A water bill arrived today which told me that I had nothing to pay. Which annoyed me, because clearly I do pay Thames water for supply of clean water and the removal of dirty water. There is a direct debit mandate to prove it.
First stop was my bank statements, which I only keep for a year, on which I could find no trace of Thames Water.
Second stop was my file of bills. Thames Water was to be found here, but nothing about what I had been paying them, if anything. But there was talk of a payment holiday.
Third stop was my online account, which turned out not to exist, although creating one was not particularly difficult. My only complaint was that it did not like the password I first thought to use.
But when I got into my account, there was neither payment nor transaction history, and I was reduced to checking by download all the half yearly statements. They were reasonably complicated, and as far as I can make out, I last paid them money, £92 a month to be precise, back in January 2022.
I can only suppose that Thames Water have difficulty guessing how much water we are going to use, despite our being regular and undemanding customers for thirty years or more, with no tendency to start pouring water into garden ponds, hot tubs or anything else. Just bog standard domestic use. So much difficulty that I ran up enough credit with them for them not to need to take any money off me for well over a year. To be fair, I think some of the other utilities are just as bad.
Furthermore, I suspect that the pendulum is about to swing the other way, with my balance with them not being nearly enough to meet the next bill. It seems all too likely that this will result in my direct debit being set rather too high in the not too distant future.
The bottom line seems to be that Thames Water are as bad at managing customer accounts as they are at managing leaks. What they are good at is sucking money out of the system to pay their shareholders. Or at least they were until recently. To be fair, I have also read that we have been paying them rather less than is fair if we want them to keep the infrastructure in good working order: shareholders are not the only ones to have been doing OK. To which I would add that, if we sell off a chunk of the country's infrastructure for ready cash, we can't really complain if the buyer wants to recoup his outlay. The buyer has, in effect, bought an annuity off the consumer. Jam today and to hell with tomorrow.

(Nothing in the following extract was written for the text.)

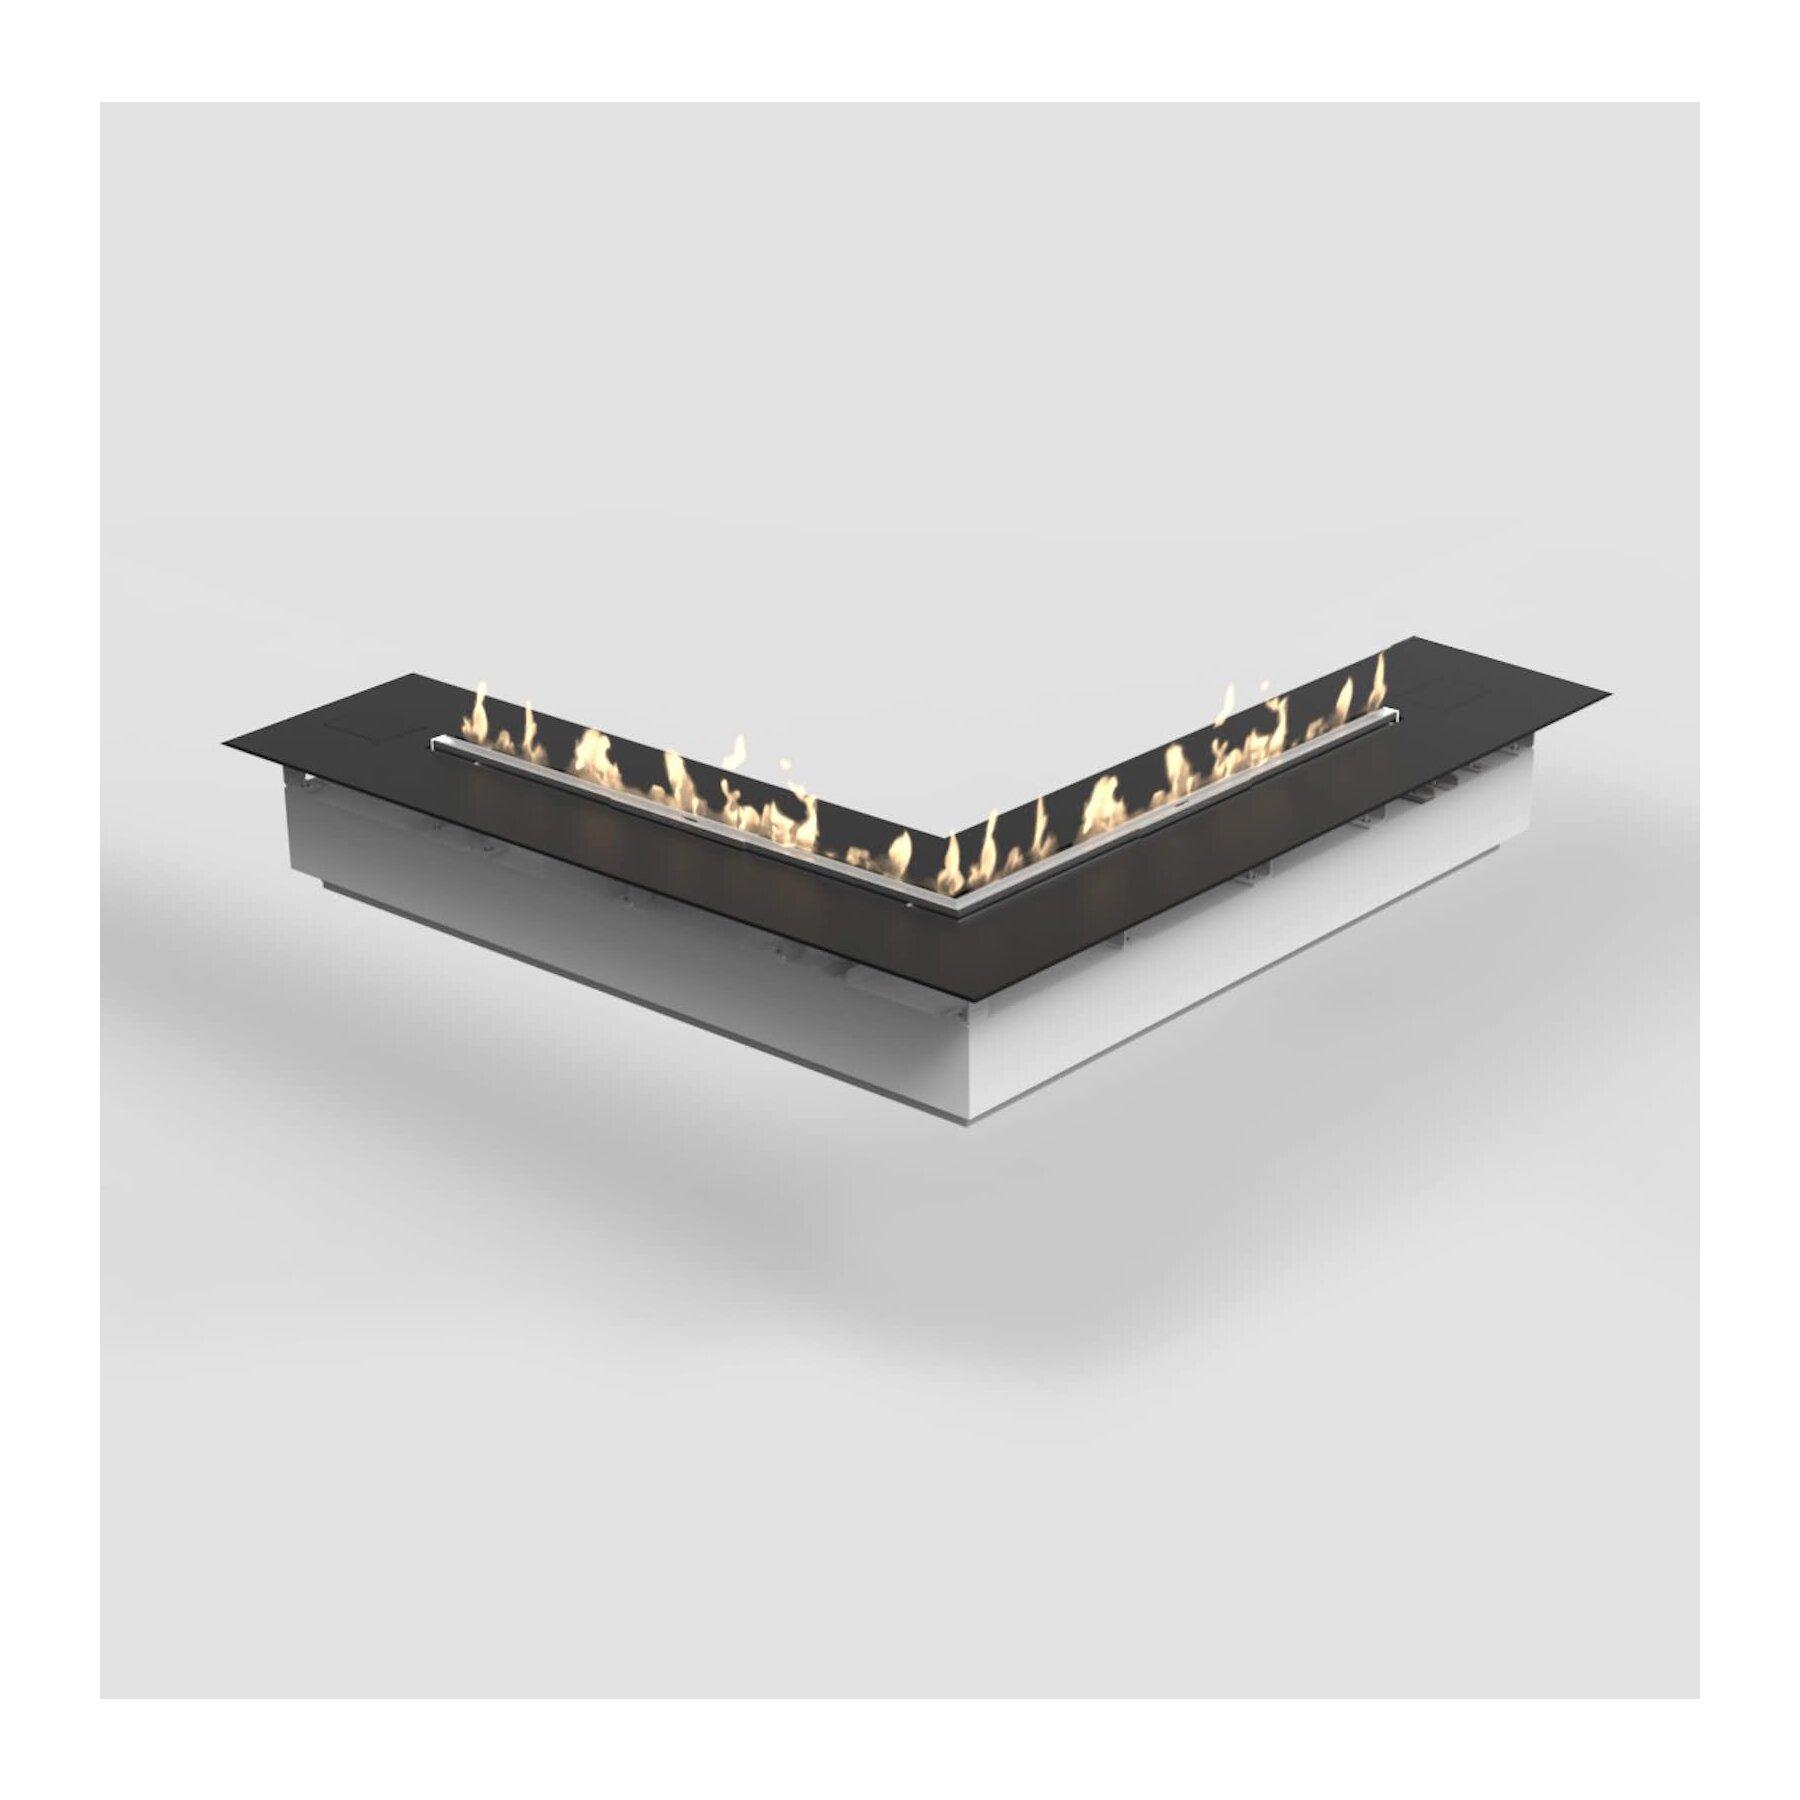 automatischer ethanolbrenner in sonderformen. Black Bedroom Furniture Sets. Home Design Ideas
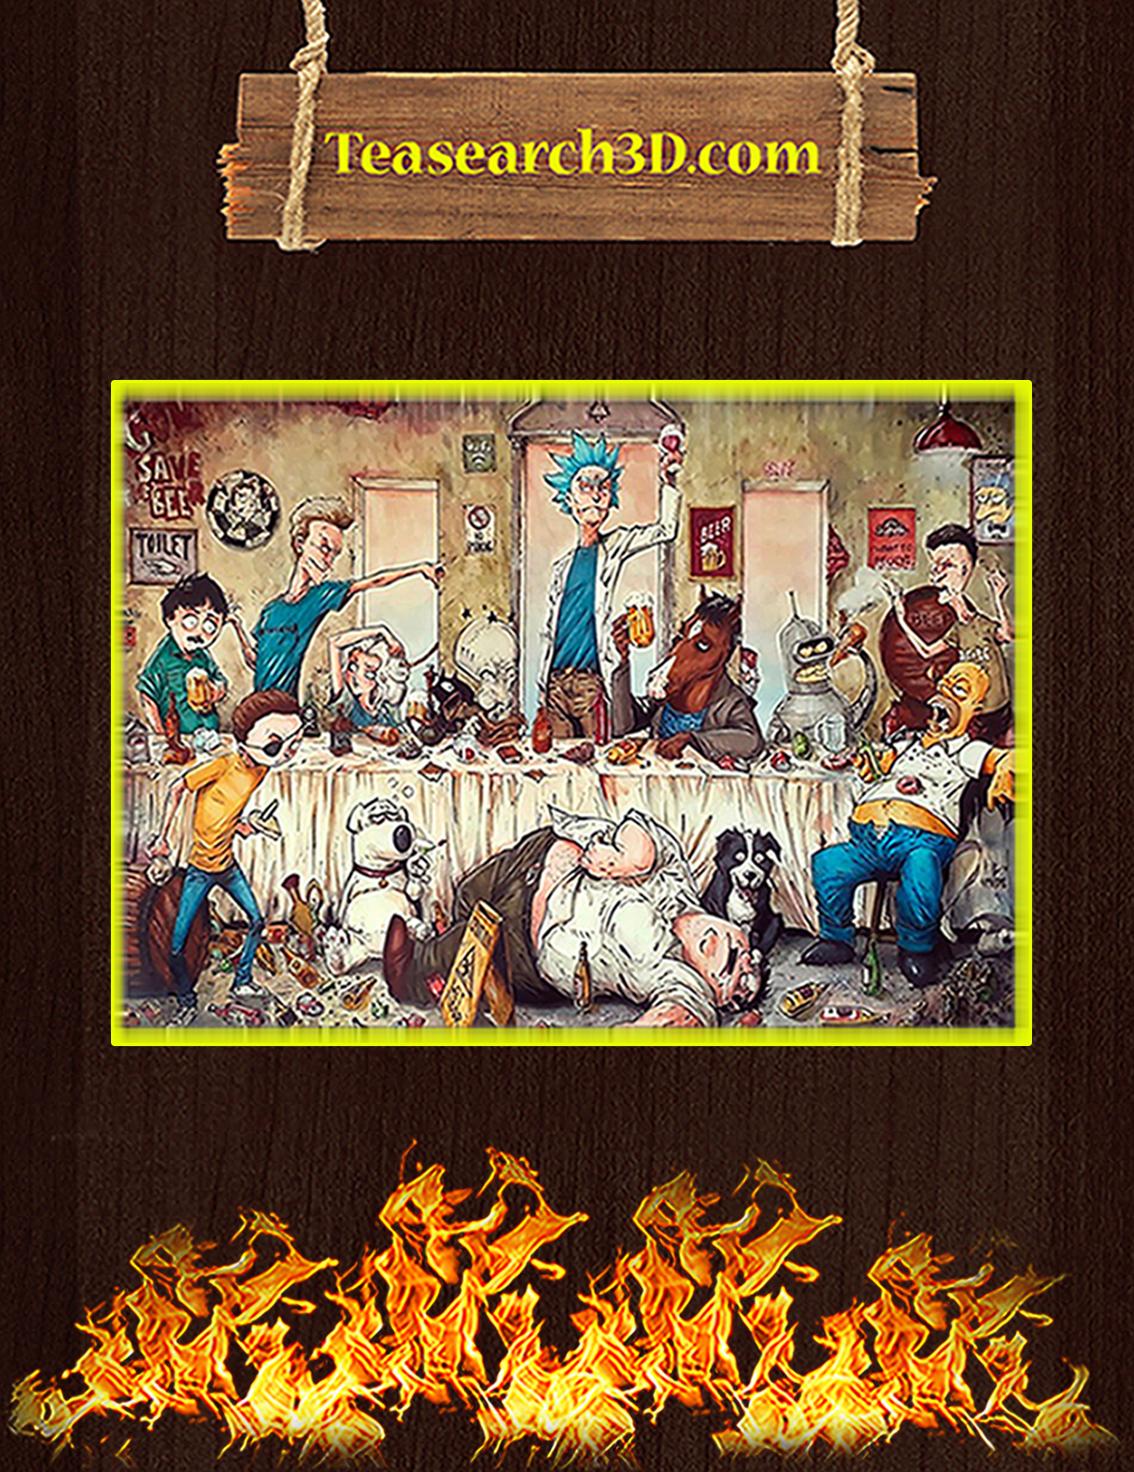 Adult Cartoons Art Work By Marcelo Ventura Poster A3

The other annoyance of the day has been the overturning of a conviction for a serious rape committed some twenty years ago. The Guardian tells us that there has been a serious miscarriage of justice and of various failings in the criminal justice system, but tells us nothing of what it was that lead the police to believe that the man they put in jail for getting on for twenty years was guilty in the first place or of any failings in his defence which may have contributed to the jury believing them. Perhaps this is not the time for balance, perhaps comment is out of order until the appeal court finishes its business. Perhaps we will have to wait for some blockbuster report from some retired judge in ten year's time. But it is all rather unsatisfactory - and our track record in matters of this sort is not such that one is content to just let the powers that be get on with it.